PAONIA, COLORADO

(Population 1,436)


Margo McCall


It was the place they stopped driving. A town on their way somewhere, spread out and green below the mountains. She asked him why it was there. He had no answer. They saw the organic produce sign and stopped. Peeled a peach in the sweet sunlight.

She can’t recall where they were going, what they were looking for, following the highway along a crystal stream cut through red rock. Sand slipped through their fingers and they were tired. Lost or out of gas. They had love, were looking for a place to plant it.
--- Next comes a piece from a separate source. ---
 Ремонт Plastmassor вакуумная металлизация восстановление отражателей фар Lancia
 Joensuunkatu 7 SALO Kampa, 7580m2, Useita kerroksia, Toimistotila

Then and now are separate. There’s a rustling in the grass, an animal feeding in the backyard. Something is rising, water gurgling from a fountain made of mossy rocks. The houses are old, wooden. Inside them, people eat and sleep. Their happiness coils around the rafters like vines, the fragrant white flowers giving their lives sustenance.

It’s August now, the days of heat cut by cool mornings. She picks slugs in the garden, watches the tomatoes grow fat, the peppers extend to their full length. Flies buzz about, sucking up heat like the fruit, for the days are growing shorter. Shadows lengthen in the orchard, dappled light of leaves shivering like water and rock.

She lines up her afternoons and he the mornings. Night is shadowy soft with brushing winds and moonlight painting them silver. They stand like statues in the cold yard watching stars fall to earth. The stream murmurs white wetness just beyond the horizon. They are here. They are now. Not lost, for they are home.